The next generations of PCIe are becoming so demanding that Intel is now designing techniques to reduce the bus speed, or even the width of the PCIe link, to prevent devices from overheating. Intel has been developing a Linux PCIe bandwidth controller driver designed to keep thermals in check since last year, reports Phoronix. That work includes plumbing in new mechanisms for PCIe 6.0.
The source of increasing temperatures for PCIe devices is pretty simple—the devices run faster to saturate the faster bus, thus generating more heat. As the PCIe bus gets faster, it becomes more demanding of signal integrity and less tolerant of signal loss, which is often combated by improving encoding or increasing clocks and power, with the latter two creating extra heat.
The driver's near-term function for PCIe 5.0 is to mitigate thermal issues by reducing PCIe link speeds to keep temperatures in check — this means the bus itself will downshift from its standard 16 GHz frequency to slower speeds to keep heat in the safe zone. This feature ensures the devices can maintain optimal temperatures even under high loads. While the current focus is on controlling the link speed, plans are underway to extend the functionality to manage PCIe link widths (i.e., the number of active PCIe links), which the PCIe 6.0 specification will enable. For instance, a PCIe x16 device could shift down to a x8 or x4 connection to control thermals.
The introduction of PCI 6.0 could present a serious thermal challenge, particularly for GPU servers that use hundreds of PCIe links simultaneously. "This series adds PCIe bandwidth controller (bwctrl) and associated PCIe cooling driver to the thermal core side for limiting PCIe Link Speed due to thermal reasons," Intel's description of the driver reads. "PCIe bandwidth controller is a PCI express bus port service driver. A cooling device is created for each port the service driver finds if they support changing speeds. This series only adds support for controlling PCIe Link Speed. Controlling PCIe Link Width might also be useful but AFAIK, there is no mechanism for that until PCIe 6.0 (L0p) so Link Width throttling is not added by this series."

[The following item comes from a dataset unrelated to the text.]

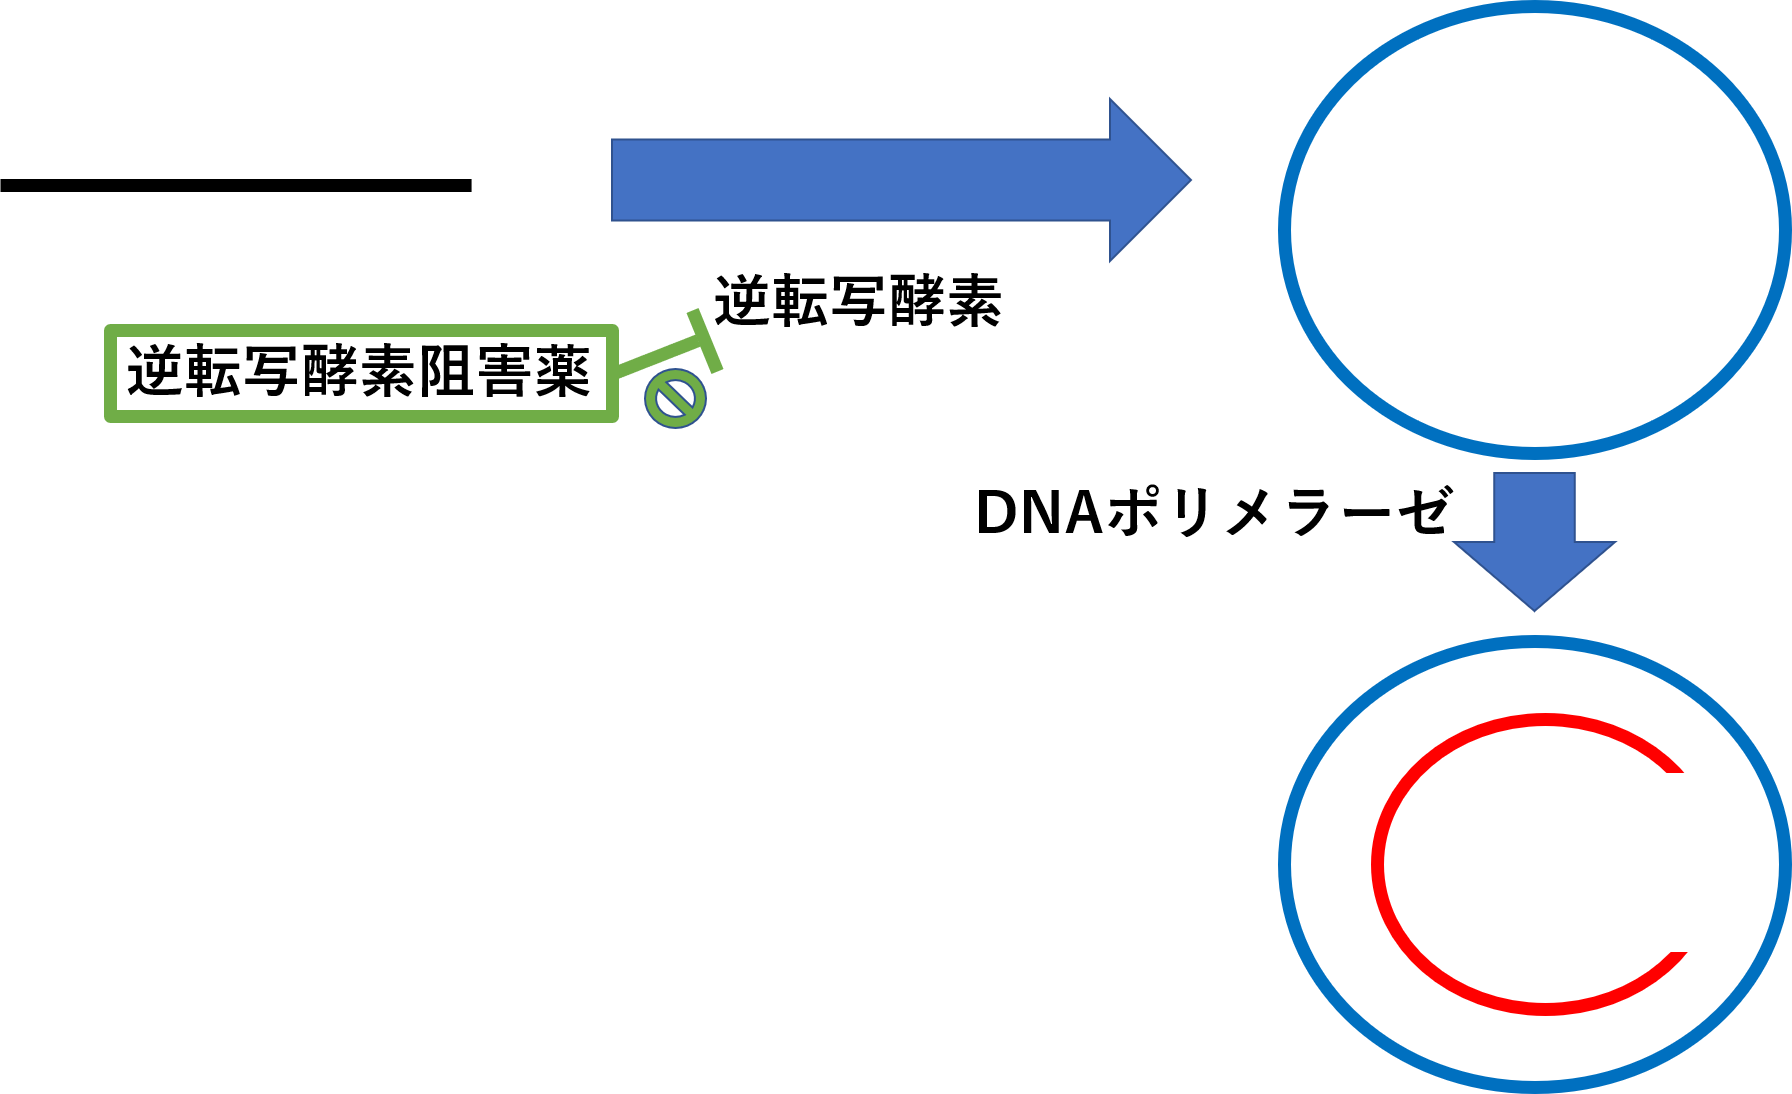 B型肝炎治療薬の逆転写酵素阻害薬は逆転写を阻害する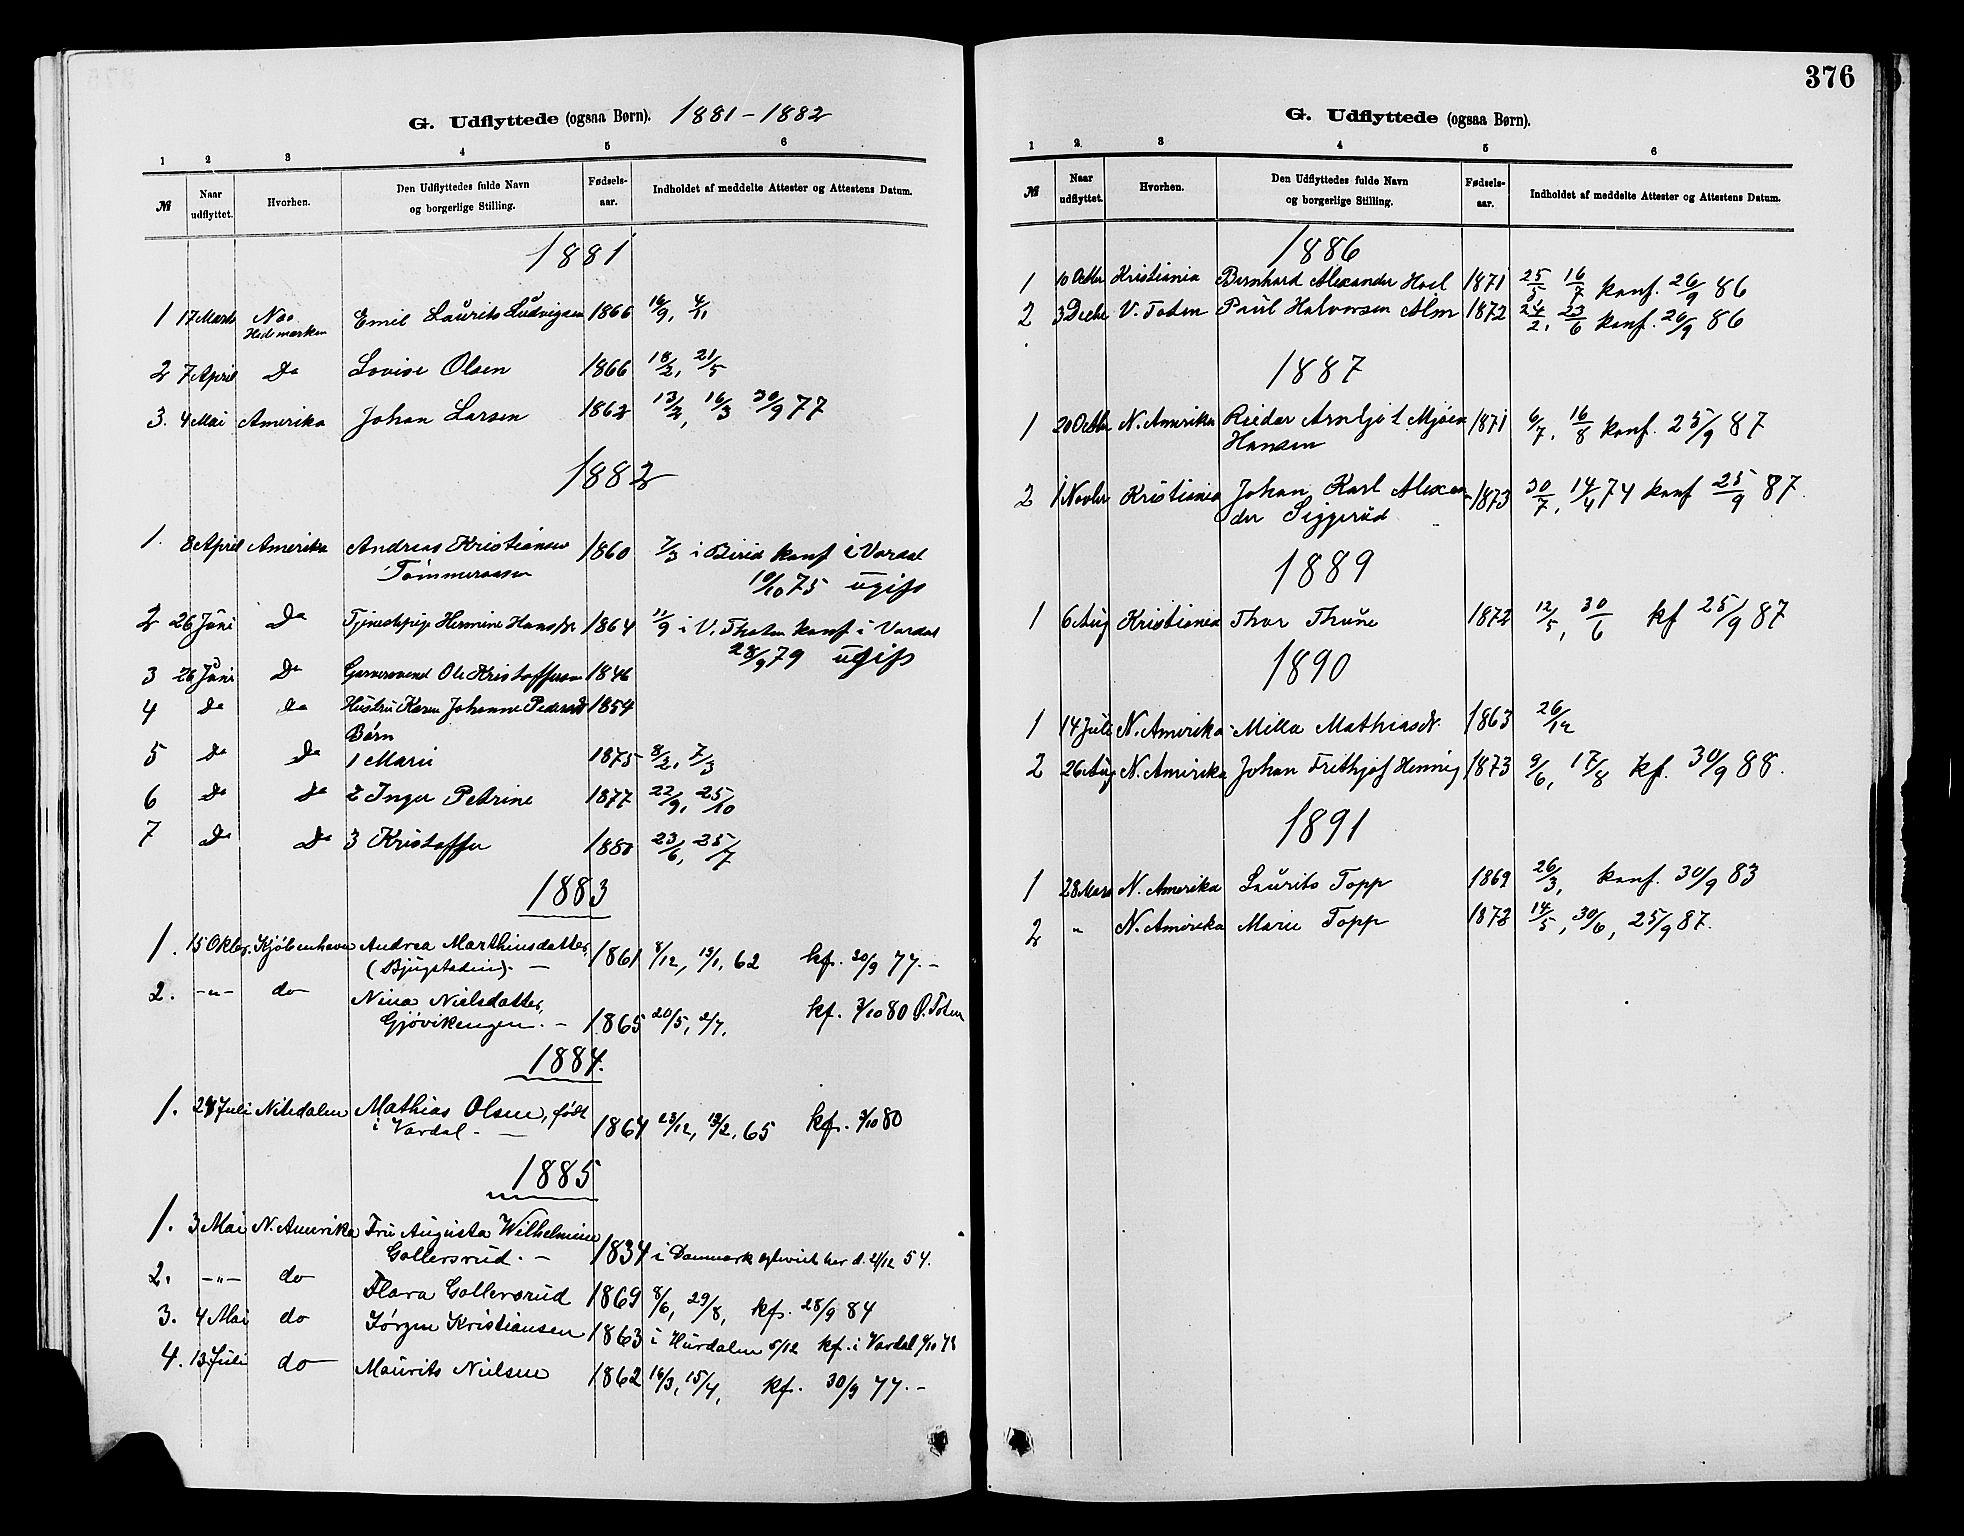 SAH, Vardal prestekontor, H/Ha/Hab/L0007: Klokkerbok nr. 7 /2, 1881-1895, s. 376

While Intel's commitment to improving server thermal controls is understandable, how it will be implemented remains to be seen. Intel could use data from thermal sensors in PCIe hosts, endpoints, and retimers provided via standardized interfaces.
Recently, the fifth set of patches for this driver was released, indicating refinements and optimizations in the code, such as refactoring and clean-ups. This ongoing development reflects Intel's intention to enhance the Linux kernel's capability to handle thermal management with newer and faster PCI Express versions, including 6.0 and 7.0.
Although not yet complete, the latest updates of the driver show promising progress toward integration into the mainline kernel, according to Phoronix. How this will affect performance for AI training and HPC servers remains to be seen, but the capability gives Intel, server makers, and data center admins another way to manage server power consumption and heat dissipation.